Task statement - Transcription, pictures excluded: write out the data below exactly.

Data -
--*--
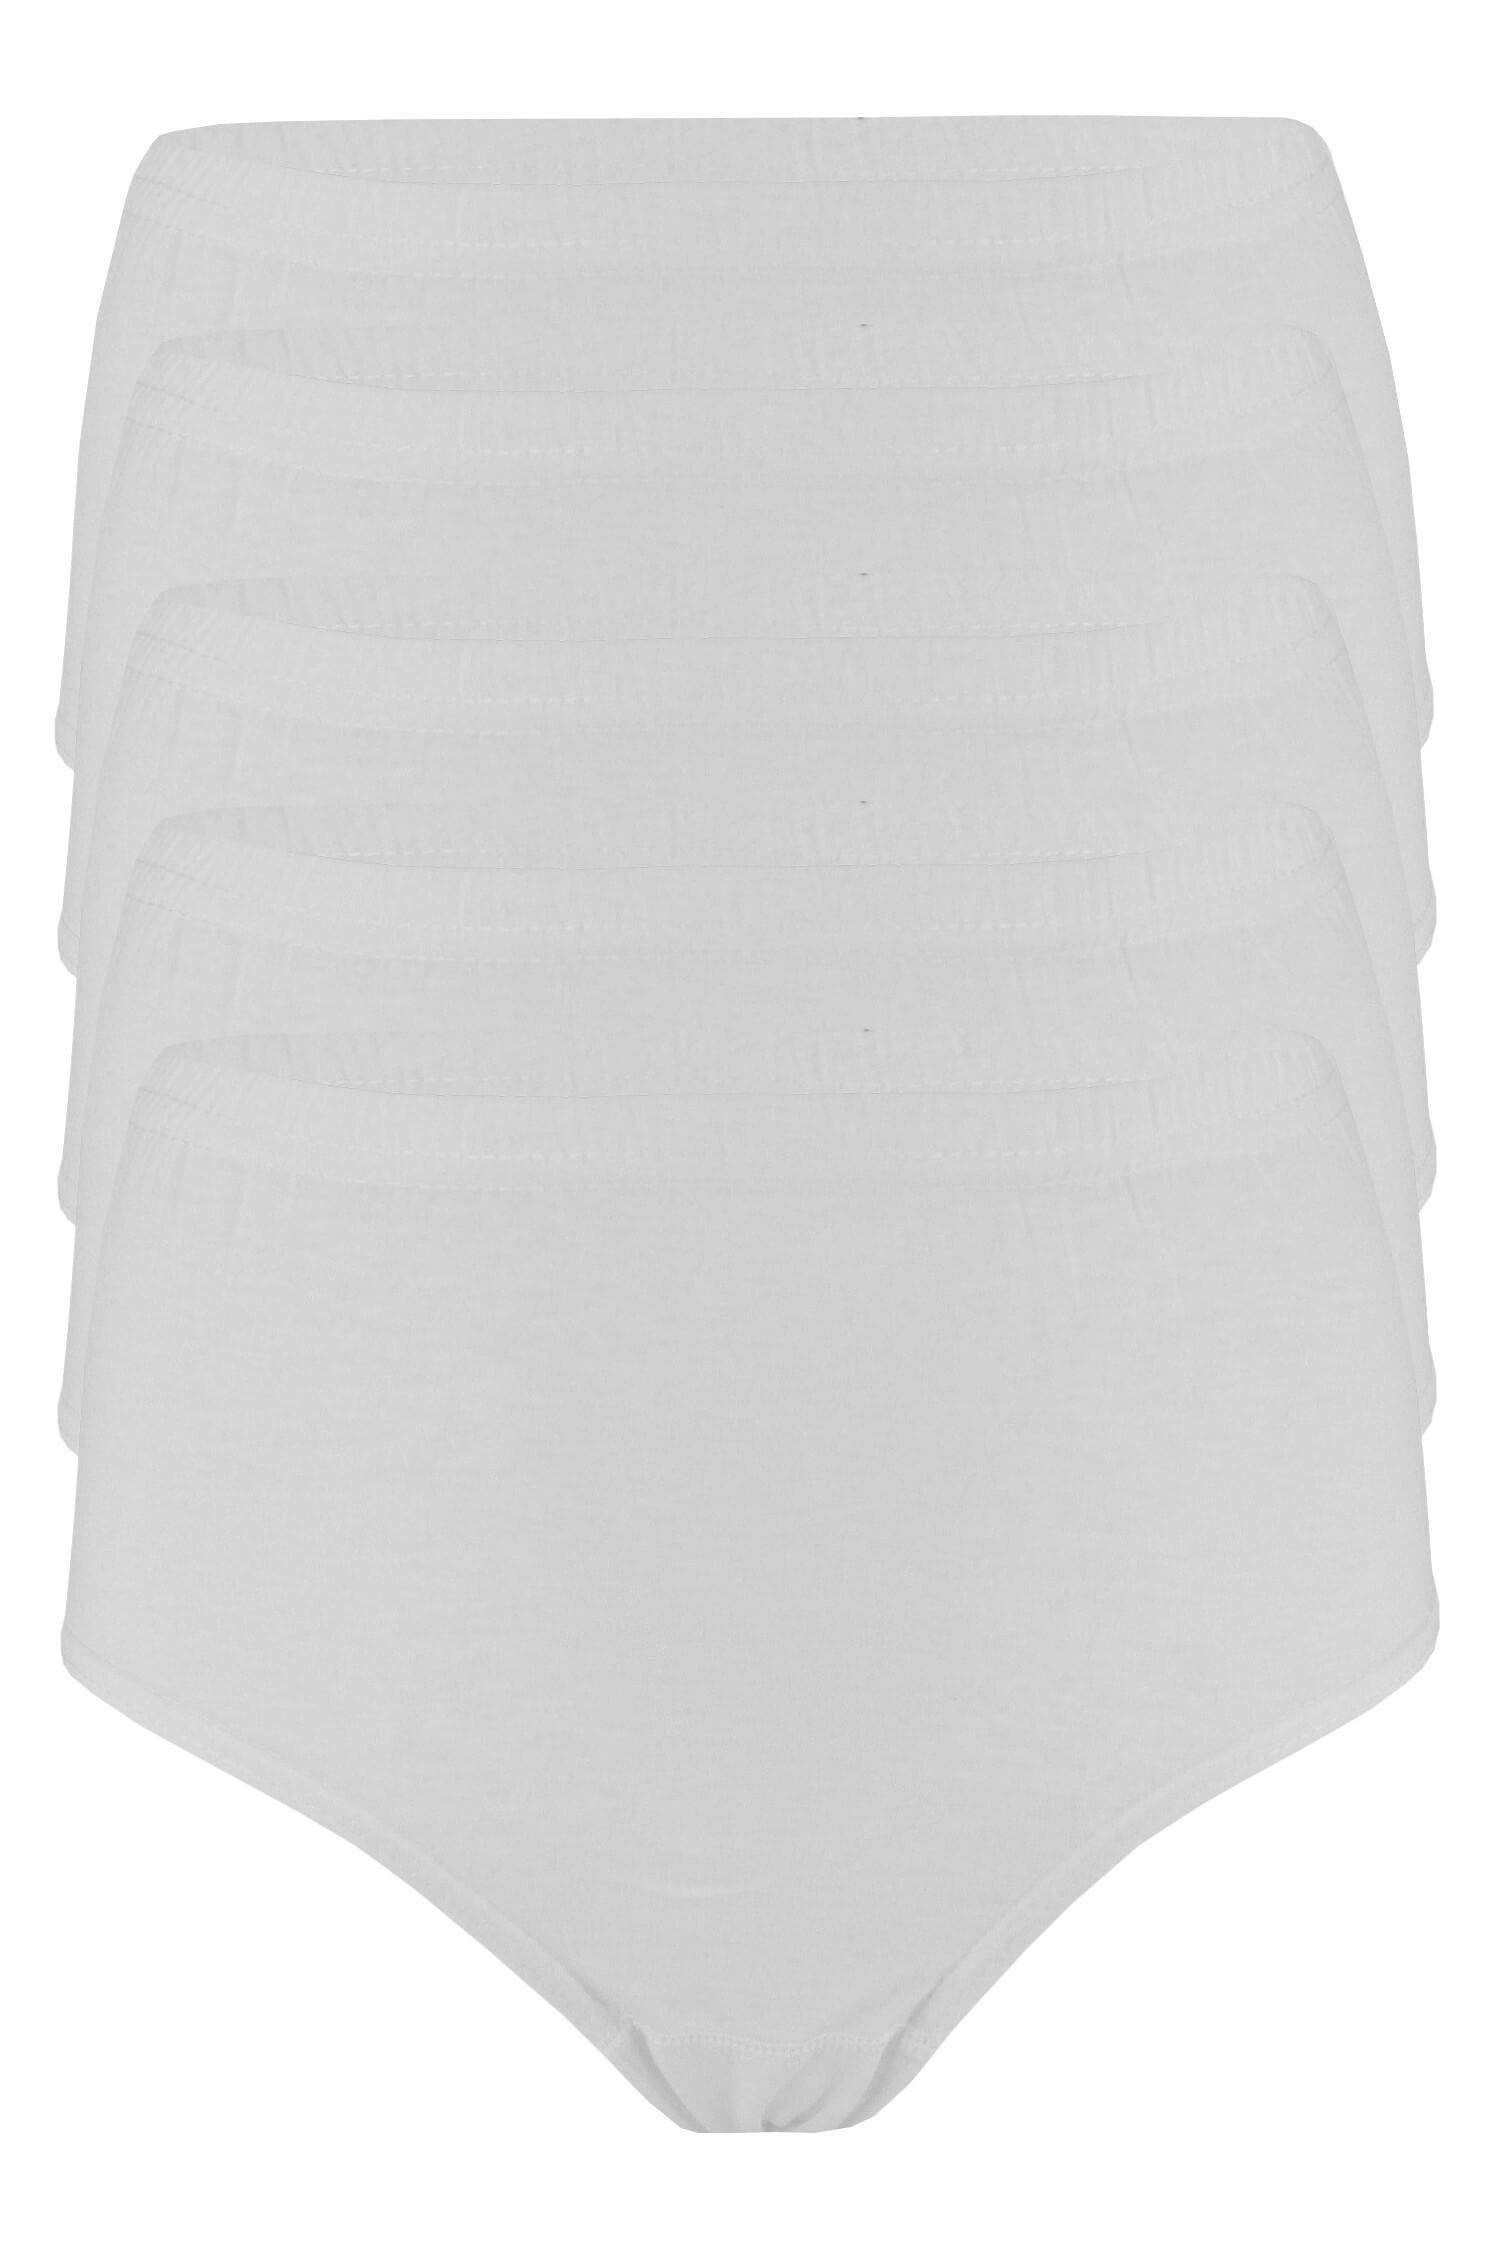 Daneta vyšší bavlněné kalhotky B5-5bal L bílá
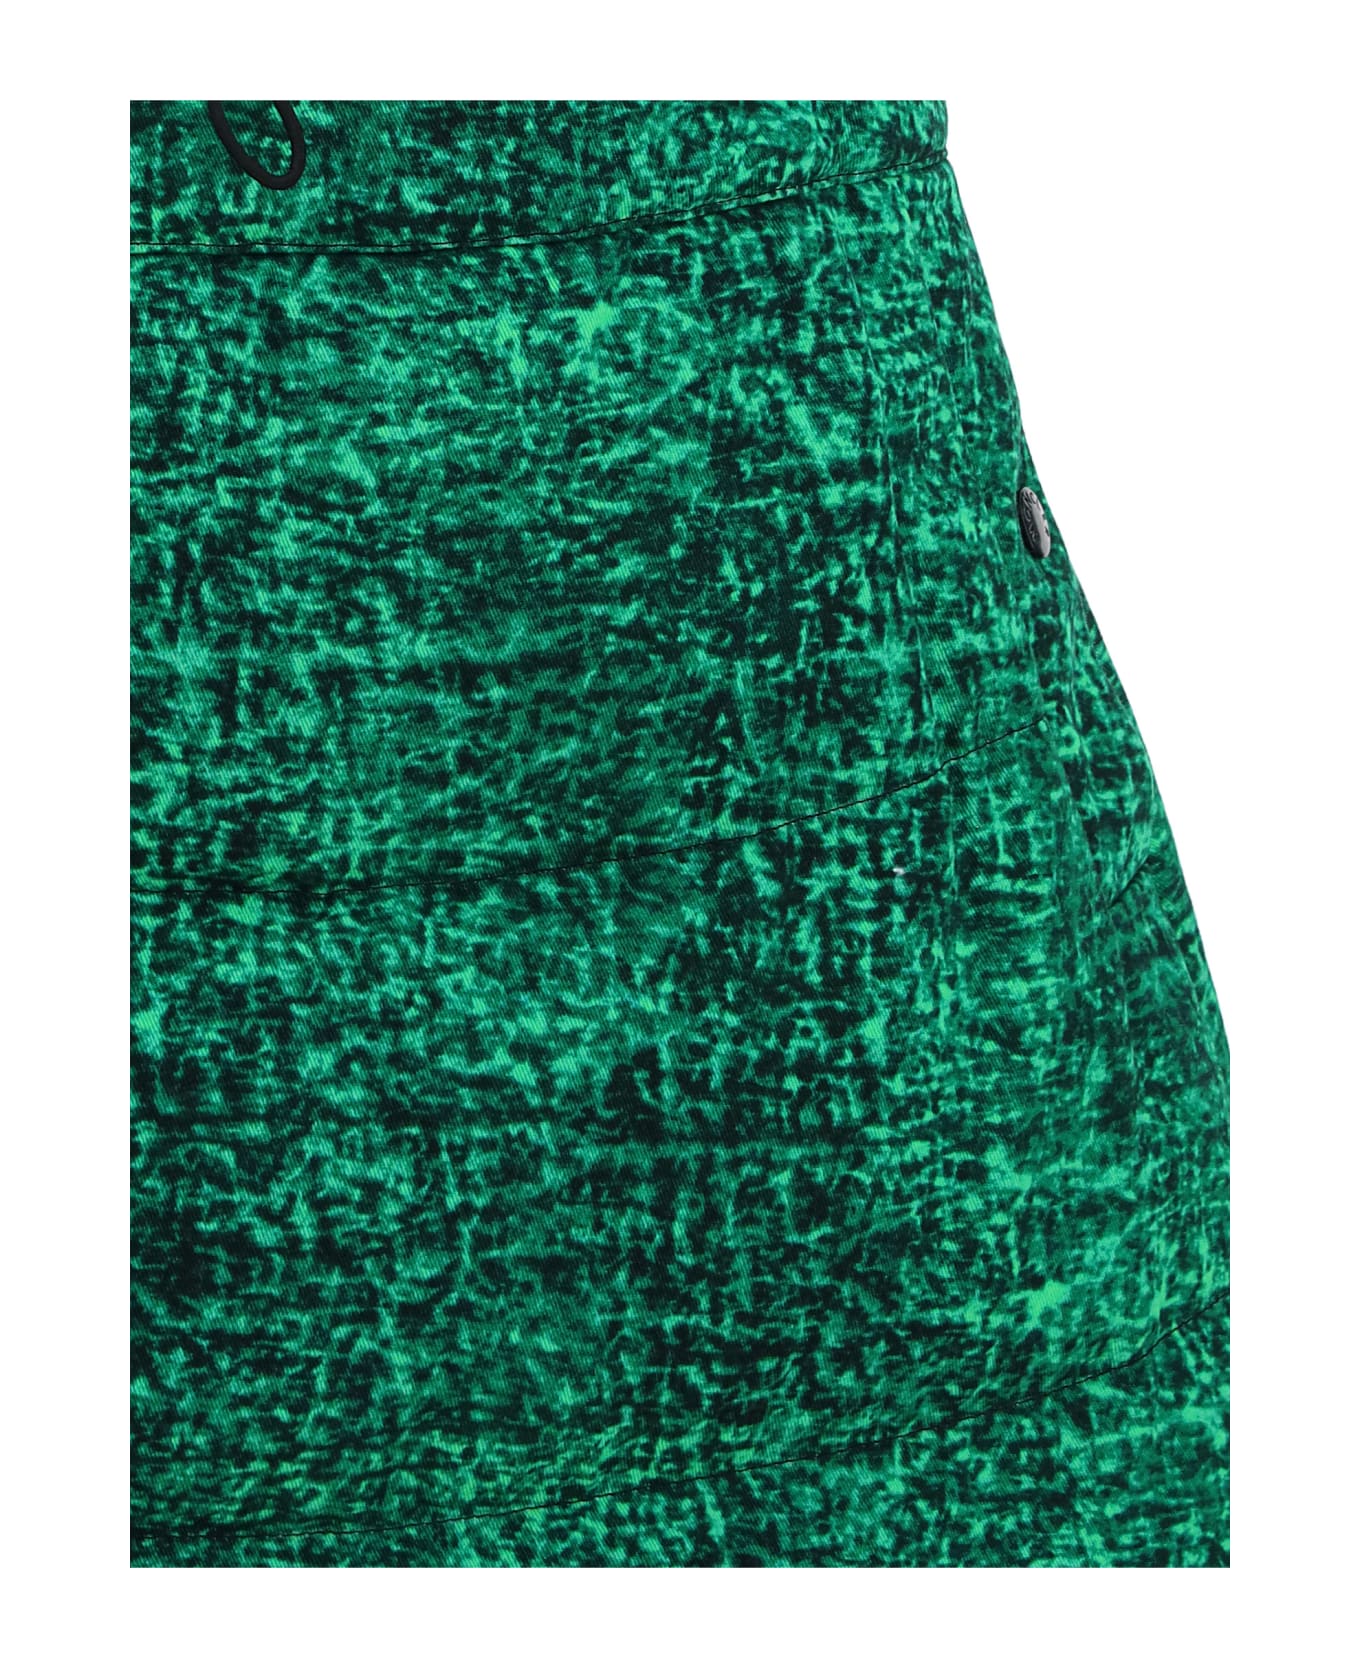 Moncler Skirt - Green
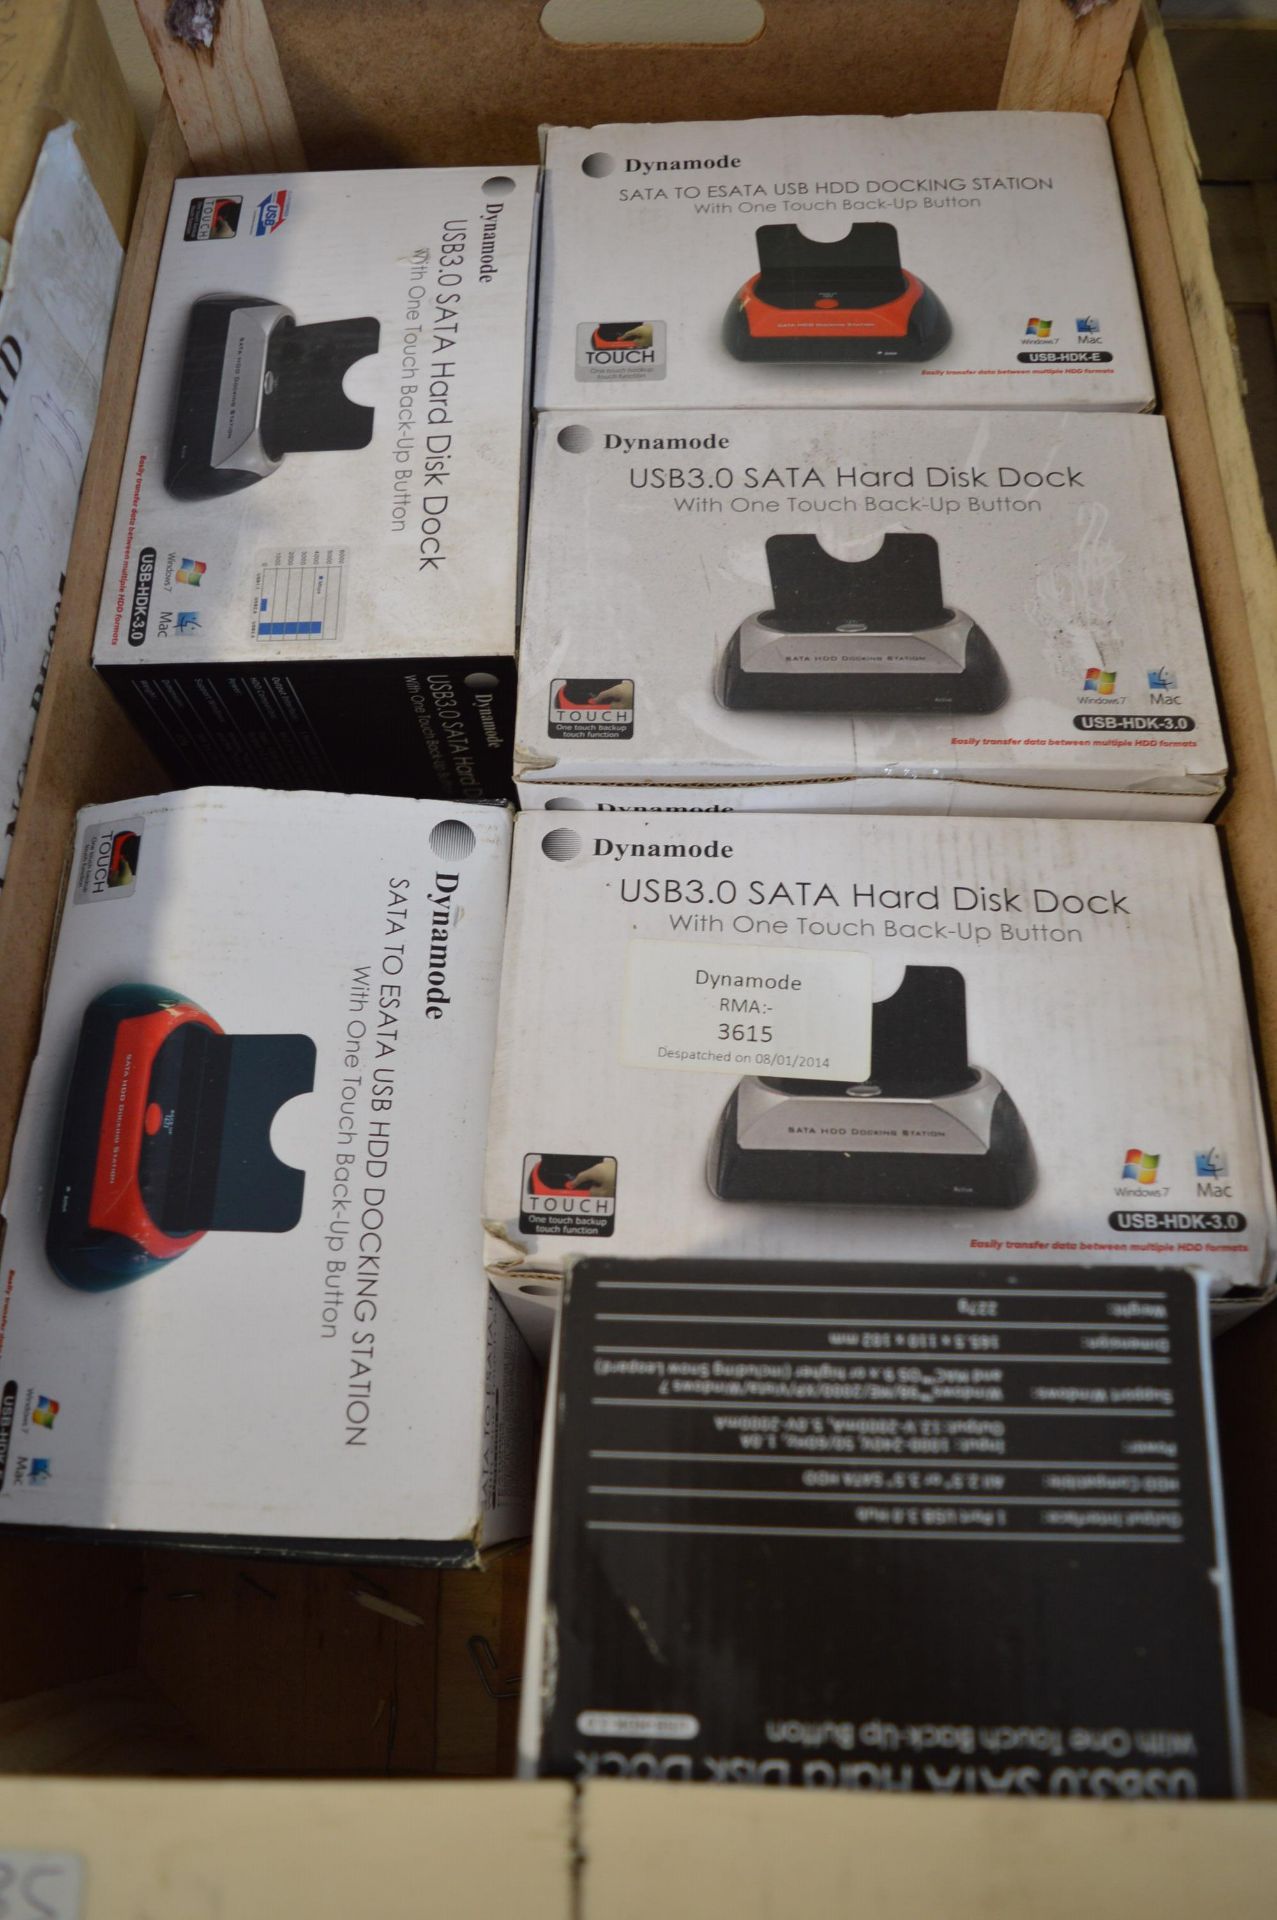 Six USB 3.0 SATA Hard Disc Docks
--*--
Answer area -
 Daneta vyšší bavlněné kalhotky B5-5bal L bílá
 Moncler Skirt - Green
 Six USB 3.0 SATA Hard Disc Docks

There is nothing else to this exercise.